I suddenly remembered the burning hot chocolate on my leg, but I noticed as I looked down I wasn't wearing the clothes I was last in. I looked around the unfamiliar room at first scared at where I was. But as the familiar colored walls came into sight I relaxed a little. Jacob. I was still at Jacobs. But why was I now in a very large baggy T-shirt- It was almost down to my knees- it smelt woodsy and fresh. I took me a while to remember my discoloured skin.

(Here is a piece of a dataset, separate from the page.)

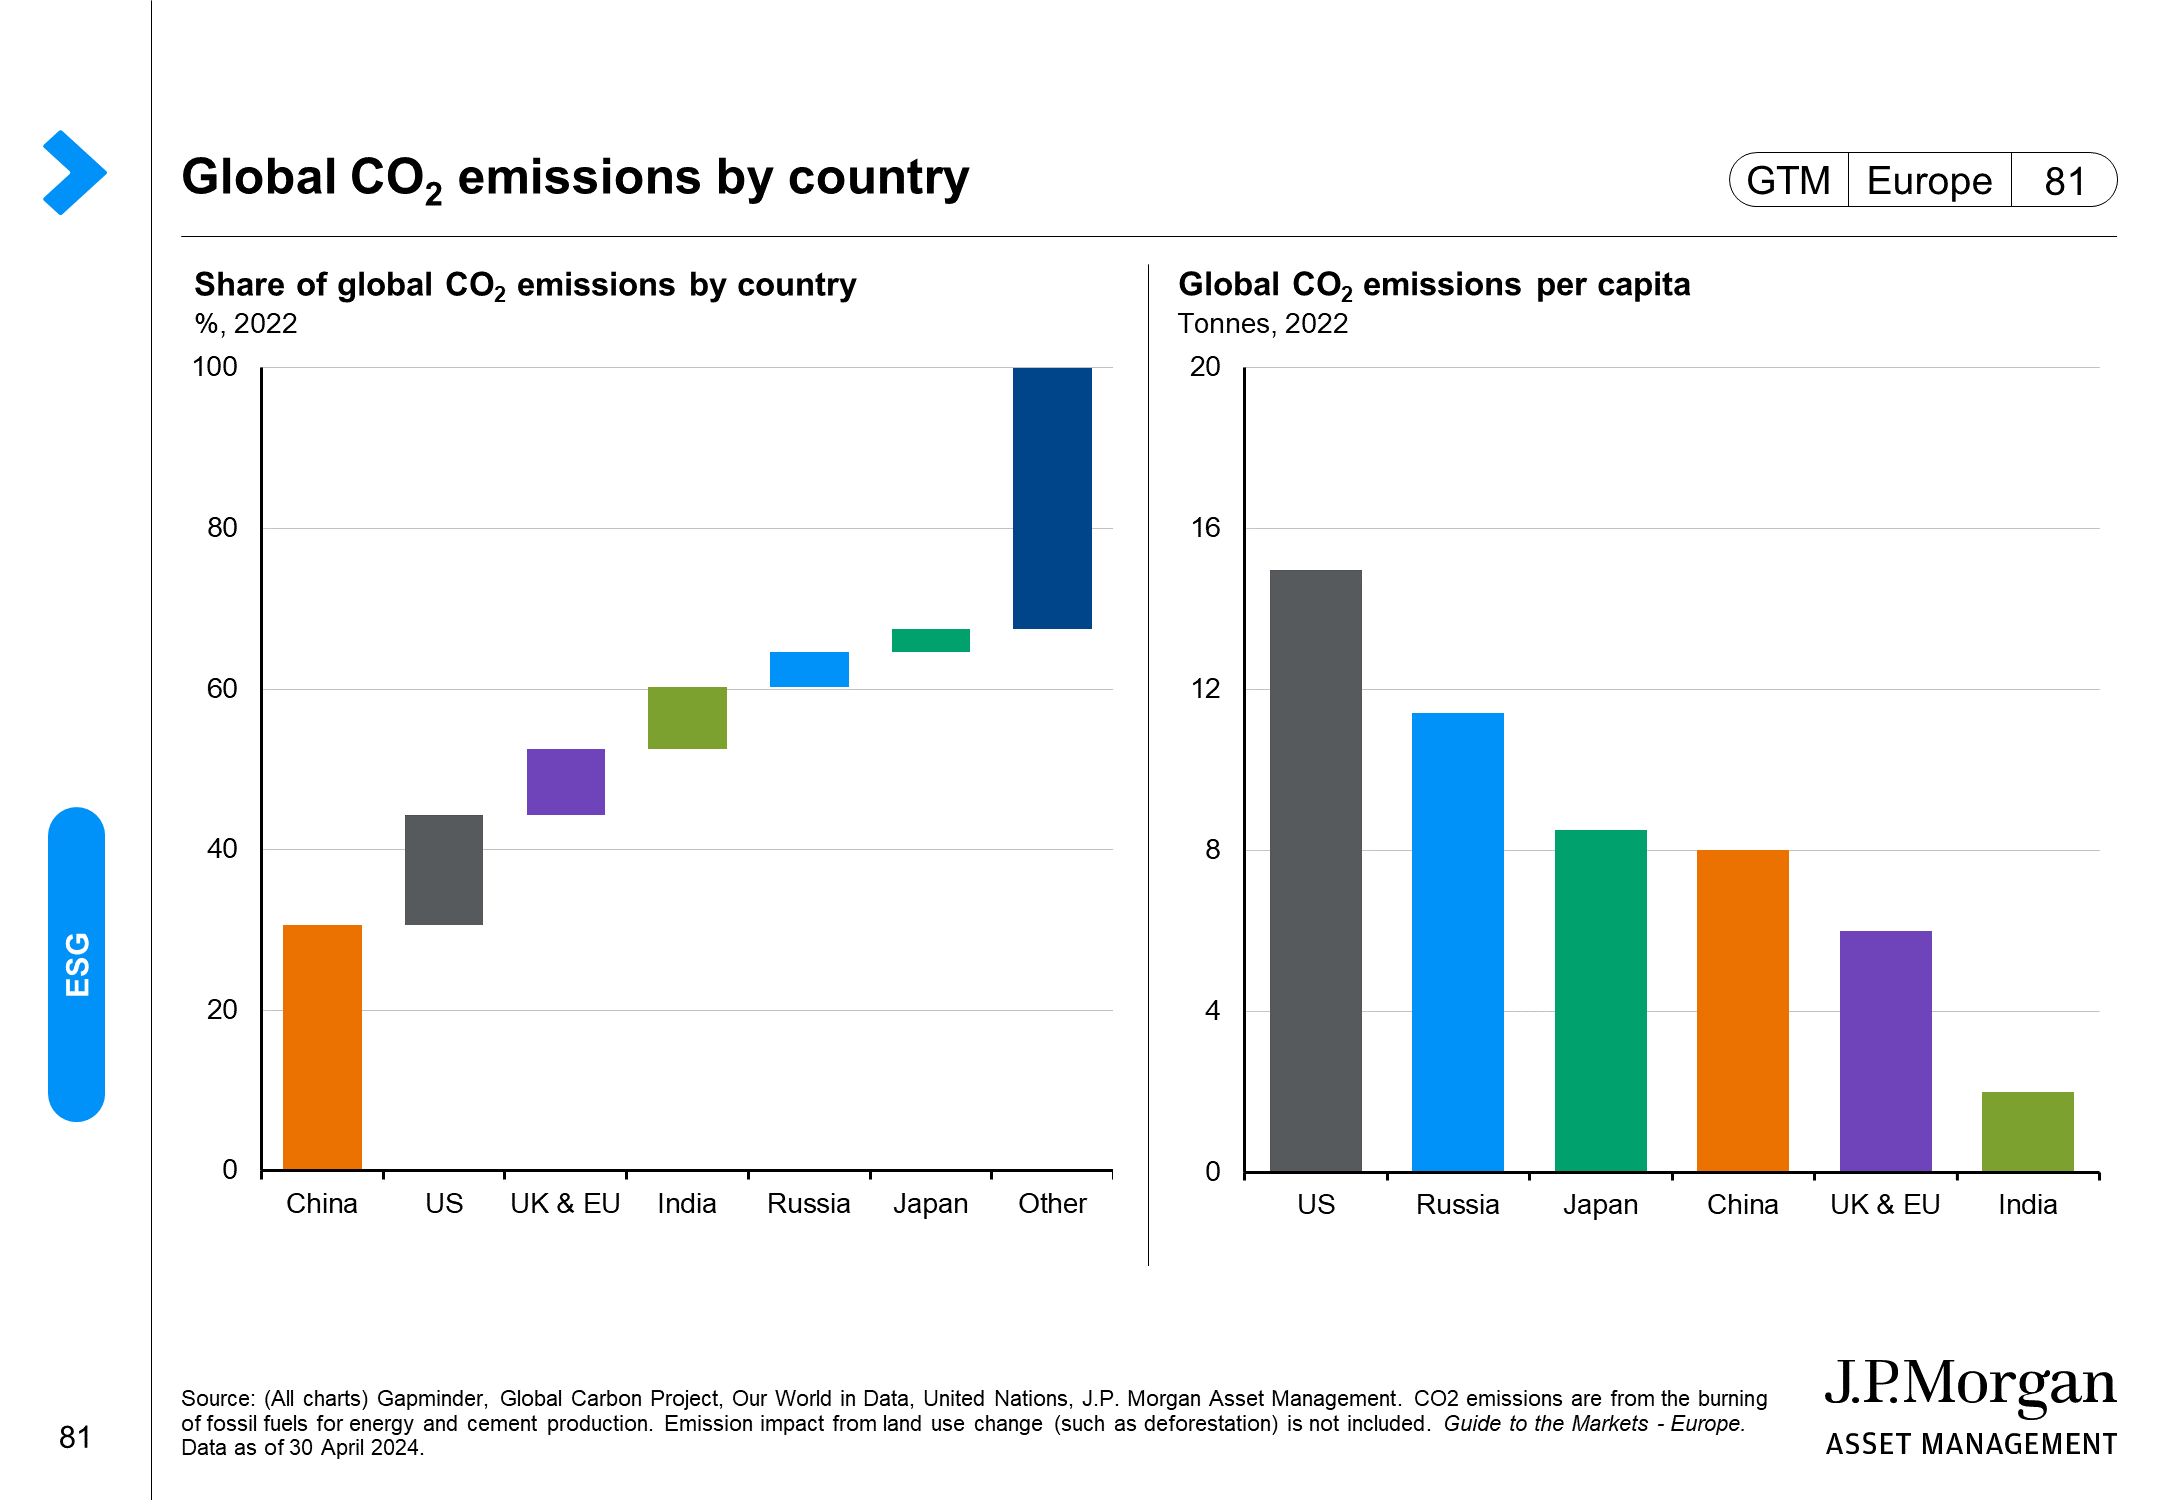 Global energy mix and greenhouse gas emissions by sector

I ran over to the mirror that was on the wall, I pealed up the t-shirt and then saw that the marks were still there. An artists pallet of yellows, greens, blues, violets. Even the marks on my neck were visible from the lack of a turtle neck. Who ever dressed me? would have seen these marks. My hands flew to my face as I held my mouth shut. I wanted to cry but not because they know, but because I am glad they know- this is what I want- but .............Ben. They can't know because of Ben. He would be taken away from me, lost forever in the care system. I can't lose him. Not after the loss of so many people in my life.

He is my rock, what keeps me still breathing.

I could hear voices outside the door, I've always had good hearing and eyesight for that matter, my mother and I had a bet. If she was ever able to creep up on me I would have to by her ice cream, but seeing as I was so good I was the one who always received ice cream every Saturday. I miss that.

"Shit" I almost shouted, but I cupped my mouth with my hand. My uncle. He's going to flip. What time is it?Before I had time to look for a clock there was a knock on the door. I stood frozen just staring at it. Was I suppose to say something? I just stayed stood in silence. I felt bare, I wanted to cover my legs- force of emotional confidence, what with....my uncle. My stomach churns sickly at the thought of him. Every time a single thought involving him its like I want to vomit, but I never do. Just feel the nausea- because half the time my stomach is empty. Not because he refuses to feed me. No. That's the one thing that surprised me at first. After the first rape.

Flashback

Tears were flowing down my face. Today had been such a long day, the day of my parents funeral. But also the day that the paperwork of mine and Ben's placement had finally been completed. We were living with my uncle- his name is Derek but he asked us to call him uncle?- I've never really seen him before.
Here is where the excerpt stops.